### The problem
Given the records below, transcribe each of them exactly.

************

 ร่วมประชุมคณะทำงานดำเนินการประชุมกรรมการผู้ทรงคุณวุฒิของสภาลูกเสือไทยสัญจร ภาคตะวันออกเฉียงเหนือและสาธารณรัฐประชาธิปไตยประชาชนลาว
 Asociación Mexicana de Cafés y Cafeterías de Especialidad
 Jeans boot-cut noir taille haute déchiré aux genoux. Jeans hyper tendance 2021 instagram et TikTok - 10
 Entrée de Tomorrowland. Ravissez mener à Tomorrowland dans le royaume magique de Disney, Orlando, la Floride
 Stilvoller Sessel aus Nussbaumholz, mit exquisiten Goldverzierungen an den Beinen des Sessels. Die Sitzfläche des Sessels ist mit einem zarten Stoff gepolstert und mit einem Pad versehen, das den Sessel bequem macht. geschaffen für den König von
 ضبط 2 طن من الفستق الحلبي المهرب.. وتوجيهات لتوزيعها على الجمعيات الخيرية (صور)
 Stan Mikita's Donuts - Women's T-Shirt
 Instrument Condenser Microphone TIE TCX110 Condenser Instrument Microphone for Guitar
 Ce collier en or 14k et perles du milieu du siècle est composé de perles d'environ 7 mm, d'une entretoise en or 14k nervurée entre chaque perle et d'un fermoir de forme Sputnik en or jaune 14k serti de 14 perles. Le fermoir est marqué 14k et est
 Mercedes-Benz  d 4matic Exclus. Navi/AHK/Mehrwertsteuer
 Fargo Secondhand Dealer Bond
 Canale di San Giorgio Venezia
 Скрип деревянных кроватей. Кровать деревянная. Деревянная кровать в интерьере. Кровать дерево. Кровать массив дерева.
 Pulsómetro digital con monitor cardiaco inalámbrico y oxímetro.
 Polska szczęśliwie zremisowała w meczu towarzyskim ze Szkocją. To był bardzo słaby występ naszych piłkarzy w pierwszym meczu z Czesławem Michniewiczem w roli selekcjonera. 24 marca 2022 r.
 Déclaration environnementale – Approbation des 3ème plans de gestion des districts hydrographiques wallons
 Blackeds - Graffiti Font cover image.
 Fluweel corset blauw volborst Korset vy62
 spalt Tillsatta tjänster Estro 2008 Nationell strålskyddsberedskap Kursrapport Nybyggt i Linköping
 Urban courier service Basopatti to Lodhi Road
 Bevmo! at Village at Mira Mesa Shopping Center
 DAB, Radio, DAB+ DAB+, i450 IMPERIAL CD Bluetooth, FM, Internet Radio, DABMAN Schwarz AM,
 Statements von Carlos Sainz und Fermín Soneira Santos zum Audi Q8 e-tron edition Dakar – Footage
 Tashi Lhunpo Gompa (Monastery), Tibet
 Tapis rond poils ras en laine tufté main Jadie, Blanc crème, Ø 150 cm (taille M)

************

### Answer space
 ร่วมประชุมคณะทำงานดำเนินการประชุมกรรมการผู้ทรงคุณวุฒิของสภาลูกเสือไทยสัญจร ภาคตะวันออกเฉียงเหนือและสาธารณรัฐประชาธิปไตยประชาชนลาว
 Asociación Mexicana de Cafés y Cafeterías de Especialidad
 Jeans boot-cut noir taille haute déchiré aux genoux. Jeans hyper tendance 2021 instagram et TikTok - 10
 Entrée de Tomorrowland. Ravissez mener à Tomorrowland dans le royaume magique de Disney, Orlando, la Floride
 Stilvoller Sessel aus Nussbaumholz, mit exquisiten Goldverzierungen an den Beinen des Sessels. Die Sitzfläche des Sessels ist mit einem zarten Stoff gepolstert und mit einem Pad versehen, das den Sessel bequem macht. geschaffen für den König von
 ضبط 2 طن من الفستق الحلبي المهرب.. وتوجيهات لتوزيعها على الجمعيات الخيرية (صور)
 Stan Mikita's Donuts - Women's T-Shirt
 Instrument Condenser Microphone TIE TCX110 Condenser Instrument Microphone for Guitar
 Ce collier en or 14k et perles du milieu du siècle est composé de perles d'environ 7 mm, d'une entretoise en or 14k nervurée entre chaque perle et d'un fermoir de forme Sputnik en or jaune 14k serti de 14 perles. Le fermoir est marqué 14k et est
 Mercedes-Benz  d 4matic Exclus. Navi/AHK/Mehrwertsteuer
 Fargo Secondhand Dealer Bond
 Canale di San Giorgio Venezia
 Скрип деревянных кроватей. Кровать деревянная. Деревянная кровать в интерьере. Кровать дерево. Кровать массив дерева.
 Pulsómetro digital con monitor cardiaco inalámbrico y oxímetro.
 Polska szczęśliwie zremisowała w meczu towarzyskim ze Szkocją. To był bardzo słaby występ naszych piłkarzy w pierwszym meczu z Czesławem Michniewiczem w roli selekcjonera. 24 marca 2022 r.
 Déclaration environnementale – Approbation des 3ème plans de gestion des districts hydrographiques wallons
 Blackeds - Graffiti Font cover image.
 Fluweel corset blauw volborst Korset vy62
 spalt Tillsatta tjänster Estro 2008 Nationell strålskyddsberedskap Kursrapport Nybyggt i Linköping
 Urban courier service Basopatti to Lodhi Road
 Bevmo! at Village at Mira Mesa Shopping Center
 DAB, Radio, DAB+ DAB+, i450 IMPERIAL CD Bluetooth, FM, Internet Radio, DABMAN Schwarz AM,
 Statements von Carlos Sainz und Fermín Soneira Santos zum Audi Q8 e-tron edition Dakar – Footage
 Tashi Lhunpo Gompa (Monastery), Tibet
 Tapis rond poils ras en laine tufté main Jadie, Blanc crème, Ø 150 cm (taille M)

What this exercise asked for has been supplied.